Katsanos Spyridon, Saranteas Theodosis, Mavrogenis Andreas F
Department of Emergency Medicine and Cardiology, National and Kapodistrian University of Athens, 11527 Athens, Greece.
Second Department of Anesthesiology, National and Kapodistrian University of Athens, 11527 Athens, Greece.
SICOT J. 2021;7:E2. doi: 10.1051/sicotj/2021051. Epub 2021 Nov 5.
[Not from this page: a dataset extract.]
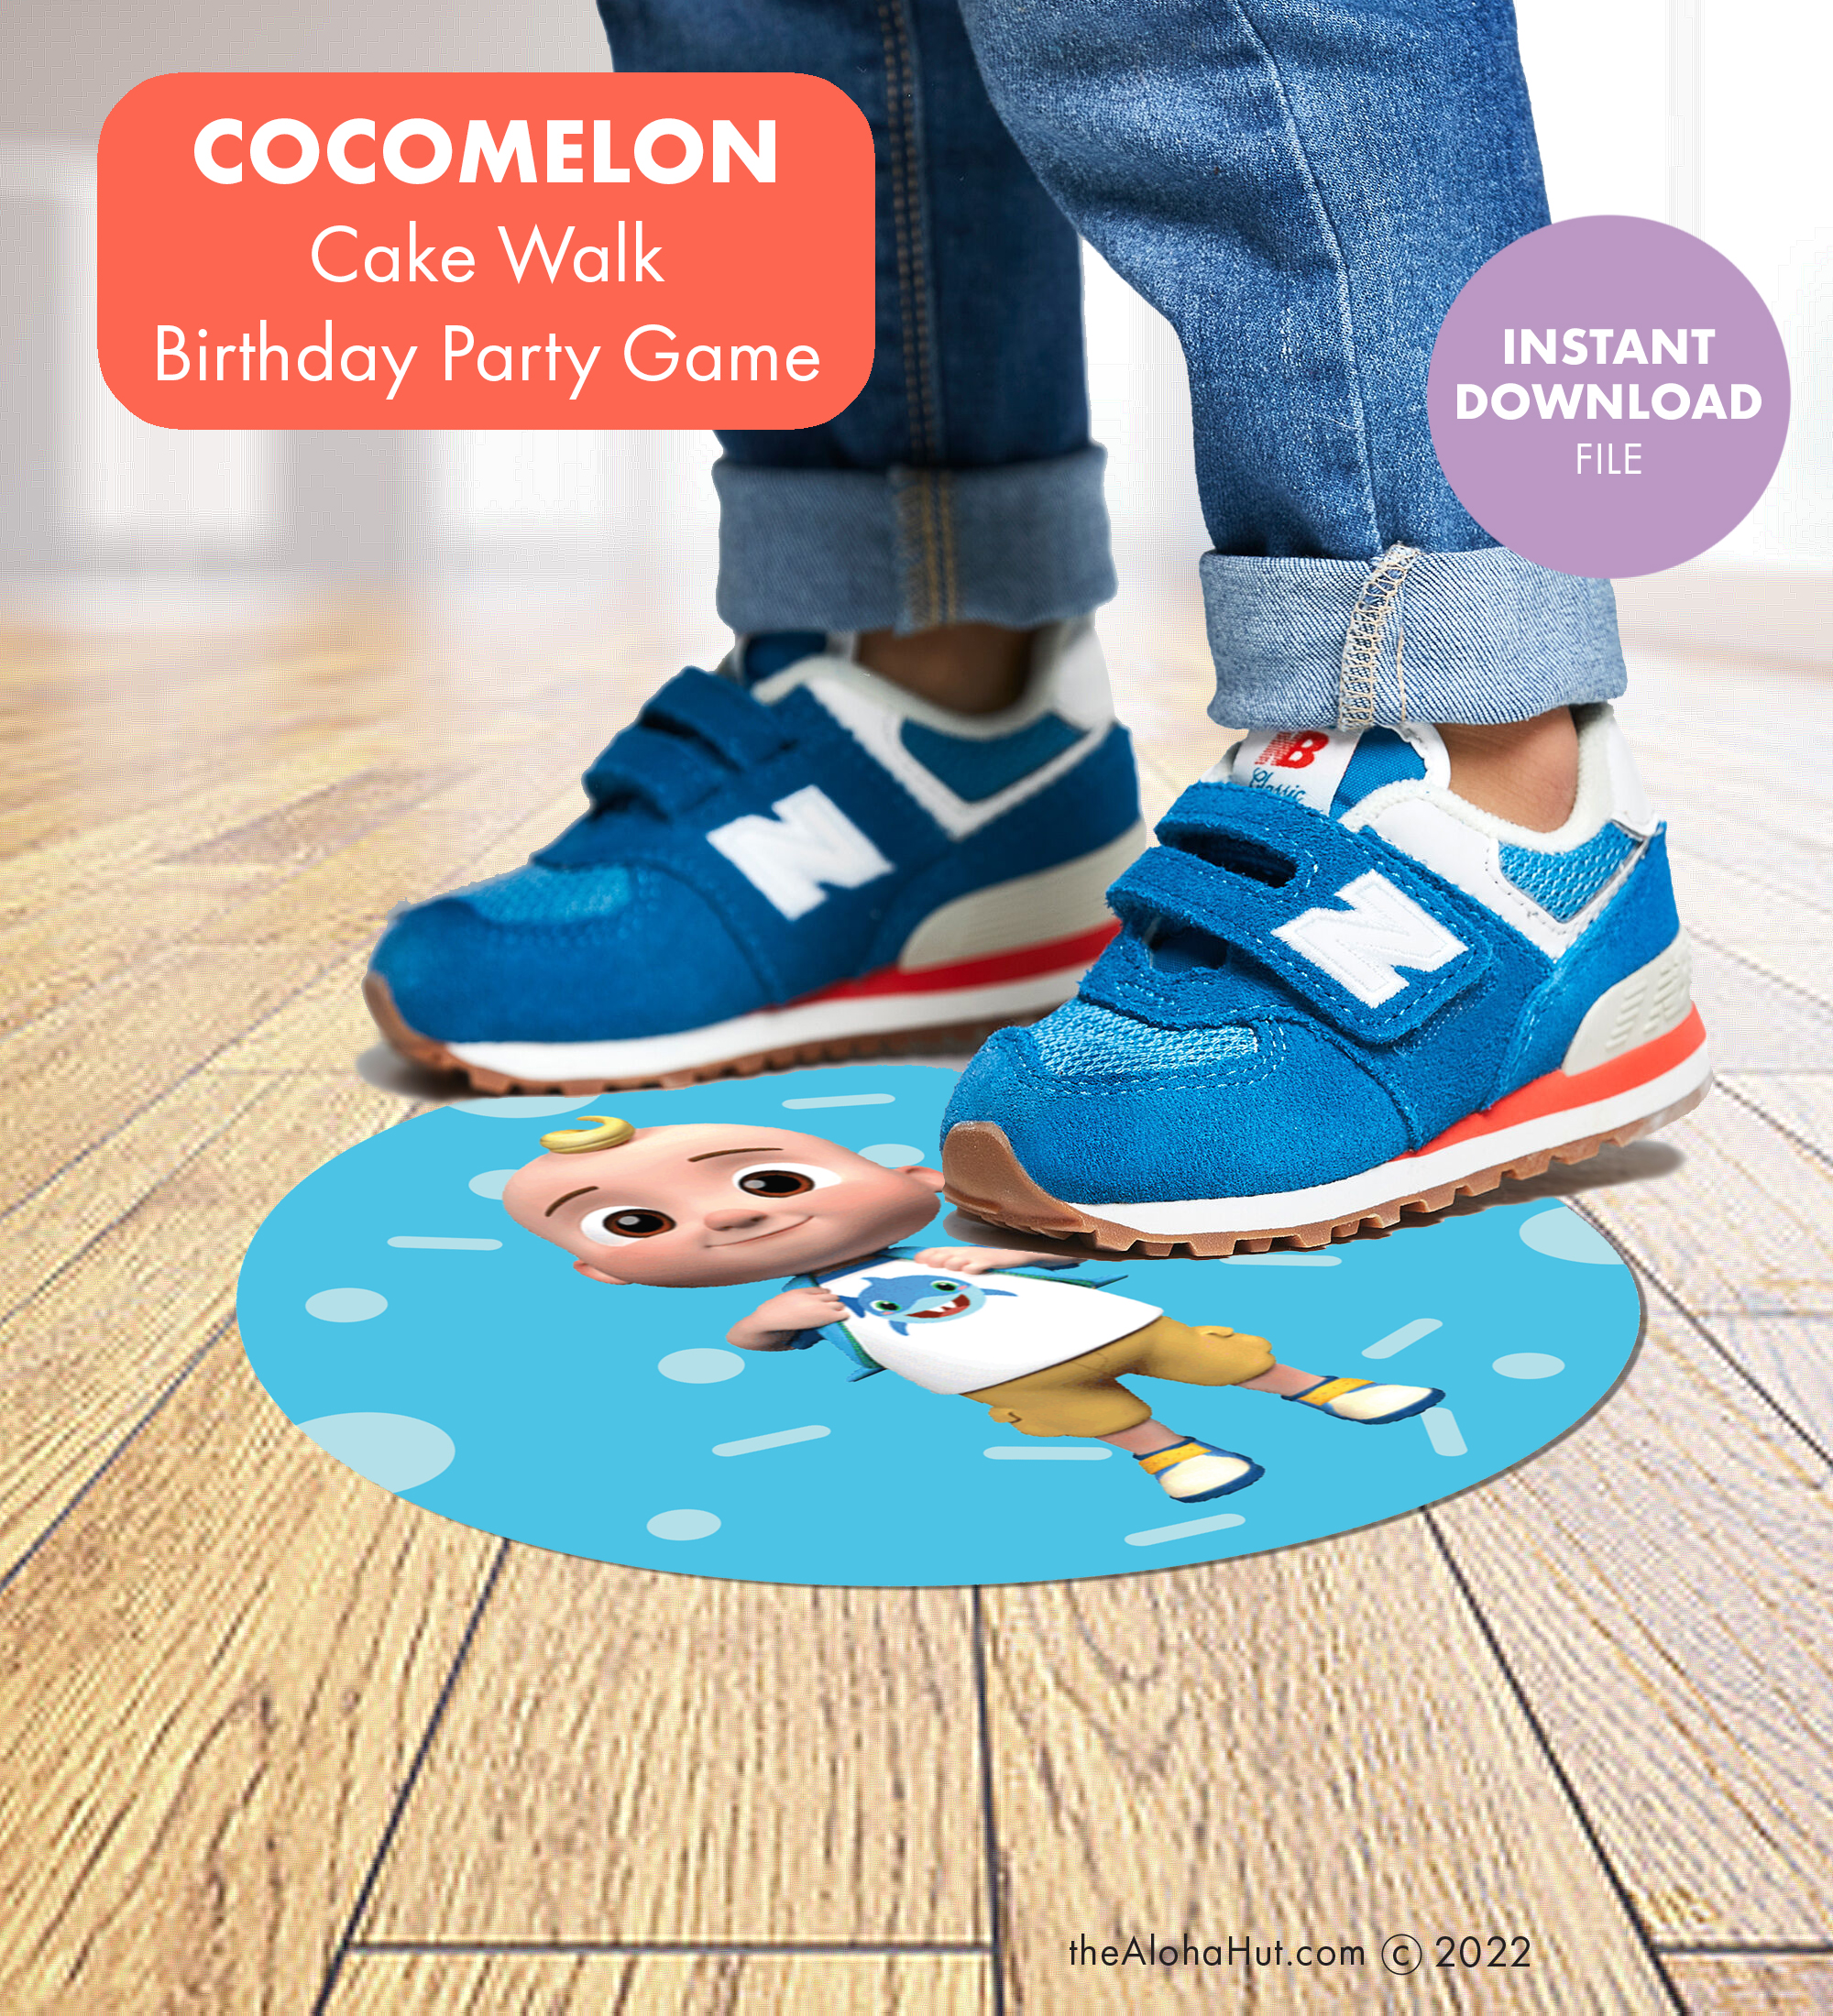 Cocomelon Birthday Party Cake Walk Game

Orthopaedic patients undergoing emergency orthopaedic surgery should be referred for cardiac evaluation only when they are symptomatic or when a specific cardiac intervention is expected to reduce the surgical risk. A preoperative delay of 24-48 h of emergency orthopaedic operations has been associated with increased mortality and poor functional status of the patients. Research in the preoperative setting is almost exclusively retrospective because randomized studies are difficult to be performed and pose serious ethical concerns. Moreover, inevitably, guidelines have a low level of evidence and do not always provide a straightforward framework for the preoperative care of the patients. This editorial revisits the most common clinical cardiology dilemmas for emergency orthopaedic surgery to explore controversies of current recommendations and elaborate on the role of echocardiography in the perioperative period in emergency orthopaedic surgery.
接受急诊骨科手术的骨科患者,只有在出现症状或预期特定心脏干预措施可降低手术风险时,才应转诊进行心脏评估。急诊骨科手术术前延迟24 - 48小时与患者死亡率增加及功能状态不佳有关。术前研究几乎完全是回顾性的,因为随机研究难以进行且存在严重的伦理问题。此外,不可避免地,指南的证据水平较低,并不总是为患者的术前护理提供直接的框架。这篇社论重新审视了急诊骨科手术中最常见的临床心脏病学困境,以探讨当前建议的争议,并阐述超声心动图在急诊骨科手术围手术期的作用。